The recent opening of the Metropolitan Transportation Authority (MTA) Long Island Rail Road’s (LIRR) Grand Central Madison – formerly known as East Side Access – was a watershed moment in the history of commuter rail in the New York Metropolitan Region.

It was also a fitting capstone for a partnership between STV and the MTA/LIRR that began more than five decades earlier when the commuter rail was first looking to expand its capacity and improve its service offerings.

Since the desire to bring LIRR service to the East Side of Manhattan was revived nearly 30 years ago, STV has played a key role nearly every step of the way, from conducting the initial operational and physical feasibility study and the Major Investment Study (MIS) that allowed the project to receive federal funding, to performing environmental engineering and other final design services, in joint venture, for new soft-ground tunnels in Queens; the rehabilitation of the existing 63rd Street Tunnel; new hard rock tunnels under Manhattan’s East Side that lead to a new terminal under the existing Grand Central Terminal complex; and several other significant project elements that have allowed this initiative to become a reality.

Commuters walk through the new Grand Central Madison concourse

“It’s incredible to see this project completed,” said Richard Amodei, president of Transportation Northeast. “I’ve personally been involved with Grand Central Madison since I joined STV 23 years ago and I am inspired by the hard work, collaboration and dedication of STV’s project team that helped bring this transformative transportation infrastructure project to New York City and the entire region.”

The Need to Serve a Growing Region

The $11.2 billion Grand Central Madison program eases congestion at New York’s Penn Station, saves commuters time, and dramatically increases the region’s passenger rail capacity by bringing the LIRR, the nation’s busiest commuter rail service, to Grand Central Terminal on Manhattan’s East Side.
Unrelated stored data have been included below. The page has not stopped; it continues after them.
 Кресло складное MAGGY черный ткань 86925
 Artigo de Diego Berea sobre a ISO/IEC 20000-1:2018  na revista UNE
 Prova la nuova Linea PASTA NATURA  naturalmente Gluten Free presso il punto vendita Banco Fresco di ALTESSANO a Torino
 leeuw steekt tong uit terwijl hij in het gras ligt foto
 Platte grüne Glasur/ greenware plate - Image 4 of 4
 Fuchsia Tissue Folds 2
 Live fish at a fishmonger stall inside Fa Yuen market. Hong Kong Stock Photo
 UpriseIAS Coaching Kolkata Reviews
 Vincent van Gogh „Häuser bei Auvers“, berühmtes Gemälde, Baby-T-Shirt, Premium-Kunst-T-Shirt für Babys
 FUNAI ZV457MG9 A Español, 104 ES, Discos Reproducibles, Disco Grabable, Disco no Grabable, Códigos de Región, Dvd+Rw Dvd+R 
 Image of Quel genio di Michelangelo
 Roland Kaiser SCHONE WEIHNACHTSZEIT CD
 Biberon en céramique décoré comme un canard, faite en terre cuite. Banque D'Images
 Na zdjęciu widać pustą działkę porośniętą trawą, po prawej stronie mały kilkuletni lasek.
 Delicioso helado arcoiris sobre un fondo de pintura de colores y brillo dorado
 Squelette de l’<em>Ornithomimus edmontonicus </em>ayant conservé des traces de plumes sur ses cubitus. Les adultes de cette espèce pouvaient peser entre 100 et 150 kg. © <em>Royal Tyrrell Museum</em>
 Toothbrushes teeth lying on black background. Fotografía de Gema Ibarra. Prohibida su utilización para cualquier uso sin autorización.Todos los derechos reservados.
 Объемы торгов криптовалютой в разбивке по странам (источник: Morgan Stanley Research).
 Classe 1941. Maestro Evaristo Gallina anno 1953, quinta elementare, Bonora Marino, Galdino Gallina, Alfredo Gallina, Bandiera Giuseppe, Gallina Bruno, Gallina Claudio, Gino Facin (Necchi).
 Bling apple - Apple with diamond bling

It is the most significant expansion of the LIRR in multiple generations and is the MTA’s largest capital project to date.

“Grand Central Madison is going to benefit the region for decades to come,” said STV Chief Executive Officer Greg Kelly, P.E. “It is something we at STV can all be very proud of. I’m grateful to the entire project team for their incredible effort and dedication on this monumental project.”

However, the project’s origins can be traced as far back as the 1970s. At that time, Long Island was in the midst of a massive post-World War II population boom, which in turn put an enormous strain on the region’s transportation network – which primarily consisted of the newly-built Long Island Expressway, and the LIRR, which offered a service that terminated at Pennsylvania Station on Manhattan’s West Side.

The escalators at Grand Central Madison

New York Governor Nelson Rockefeller eyed a new connection on Manhattan’s East Side. Changing economic dynamics moved more jobs to the East Side of Manhattan. And so, in addition to adding capacity, a new LIRR terminal would provide more direct service to where more commuters wanted to go, while alleviating congestion on the various West Side subway lines being used to access the East Side, thereby shortening travel times.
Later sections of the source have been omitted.